* [What is expected]
The response must be the exact lines from the one that contains "Chanel Timeless/Classic double" through the end of the material, with no pictures and no additional lines.

* [Recorded data]
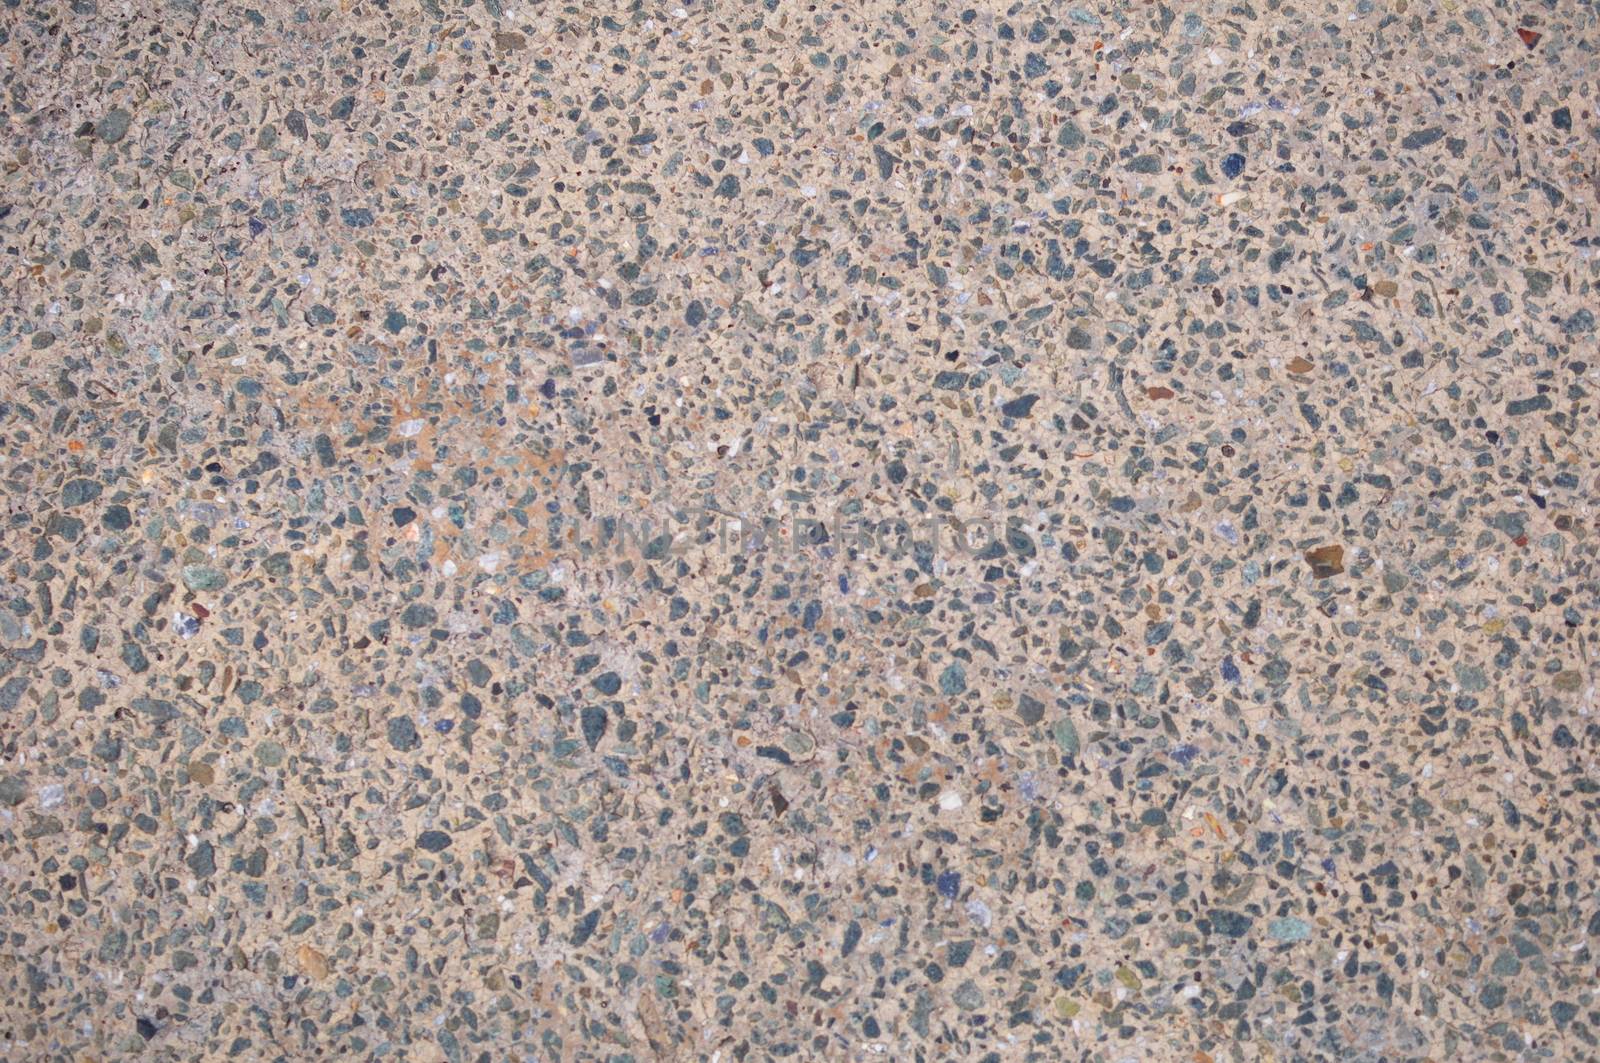 Background, Decorative Pavement Surfacing Made From a Stone Crumb
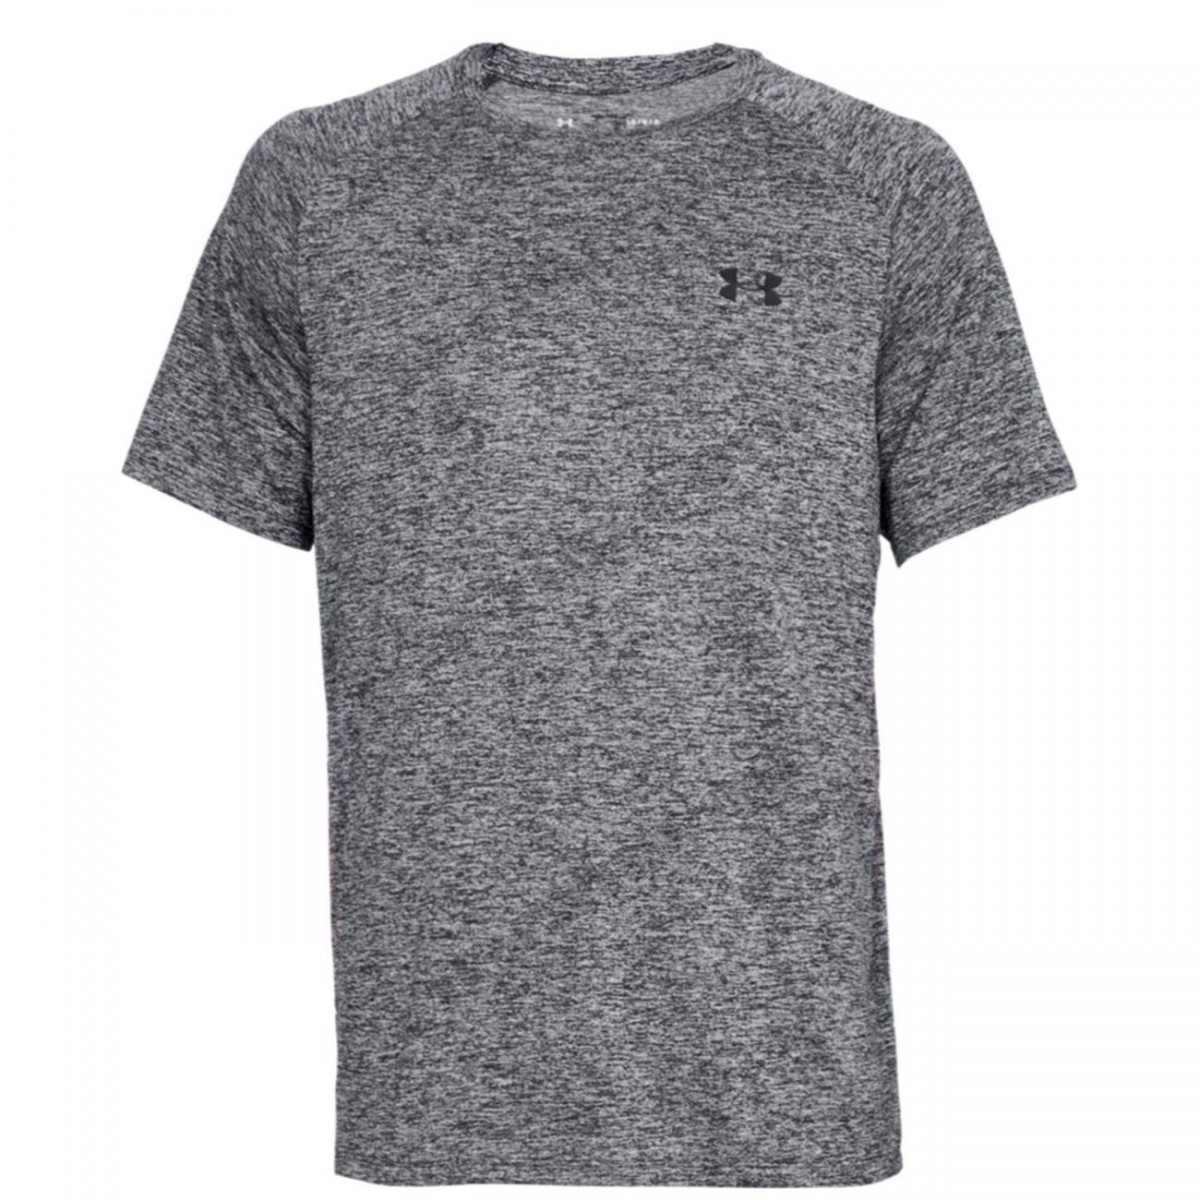 Under Armour/running adulte UNDER ARMOUR Maillot running manches courtes - Homme - UA005 - gris √ Nouveau style √ Soldes - -4
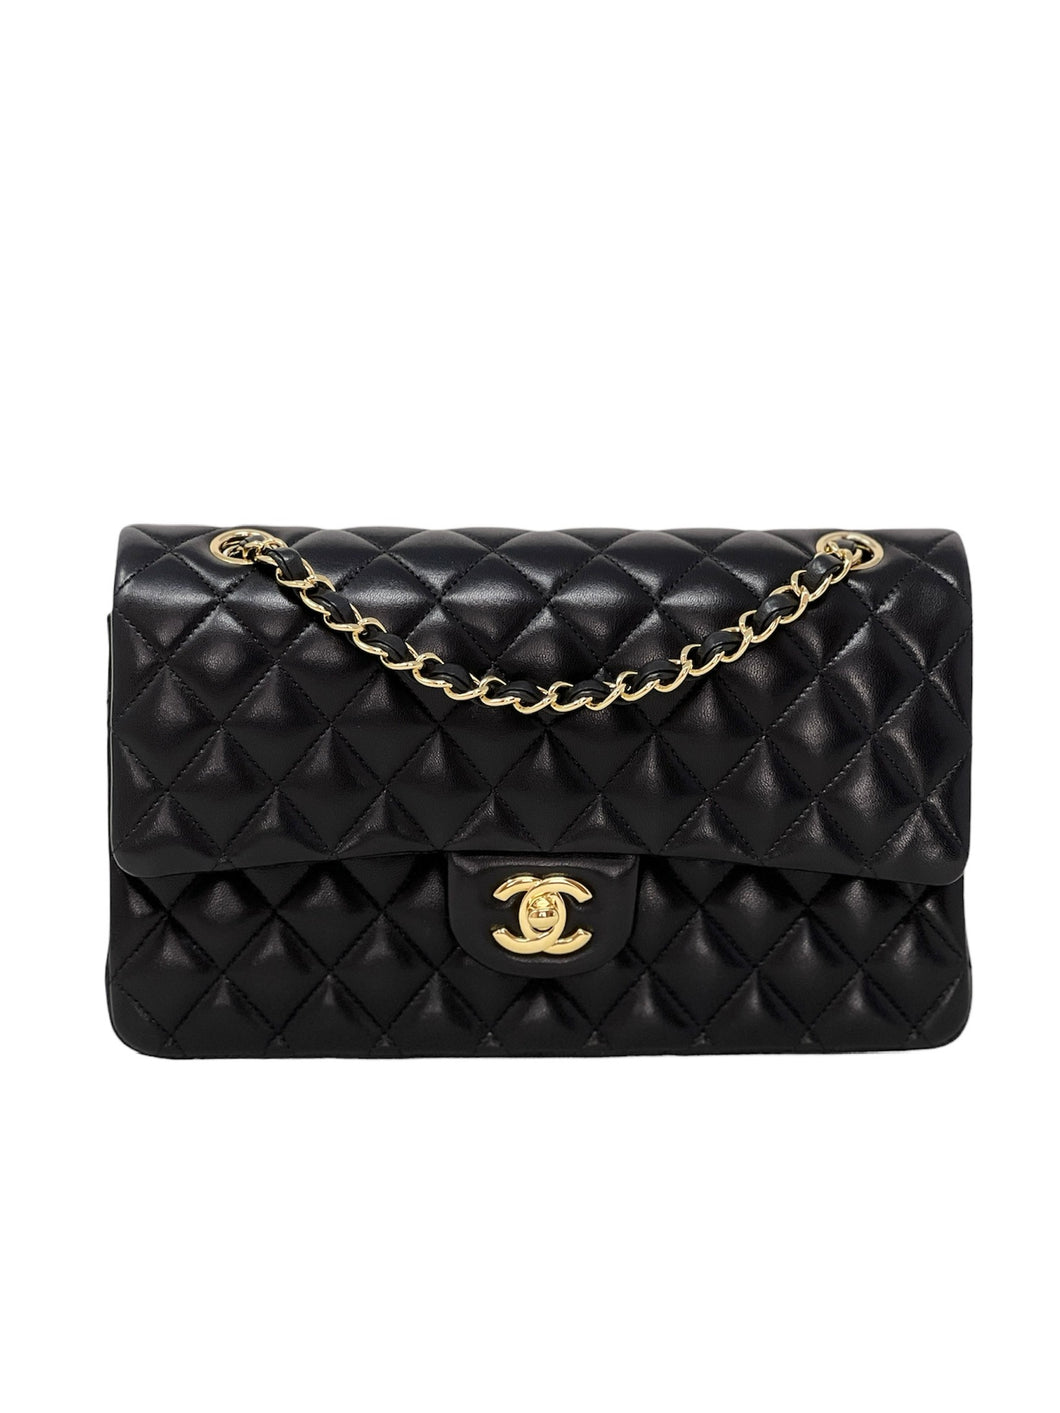 Chanel Timeless/Classic double flap shoulder bag in black quilted
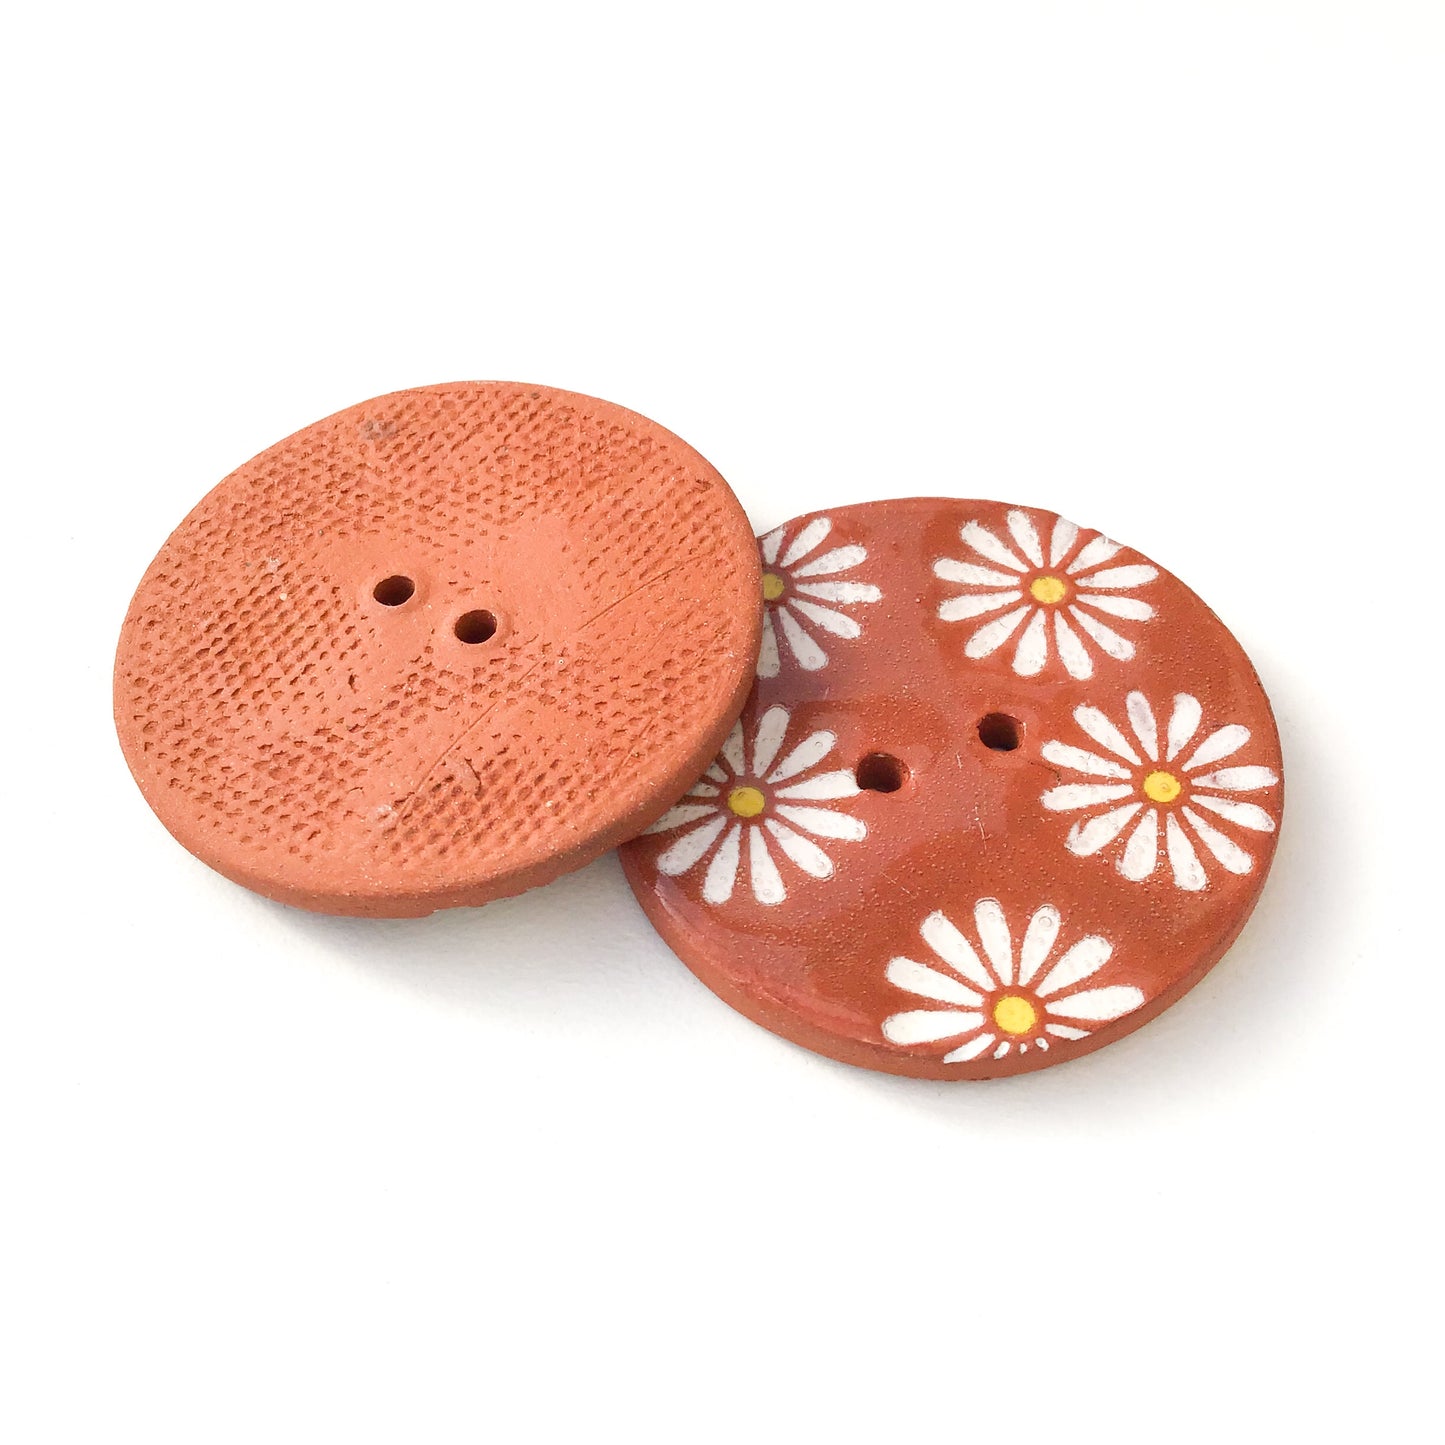 White Daisy Button on Red Clay - 1 3/8"

* [Problem solution]
 Chanel Timeless/Classic double flap shoulder bag in black quilted
 White Daisy Button on Red Clay - 1 3/8"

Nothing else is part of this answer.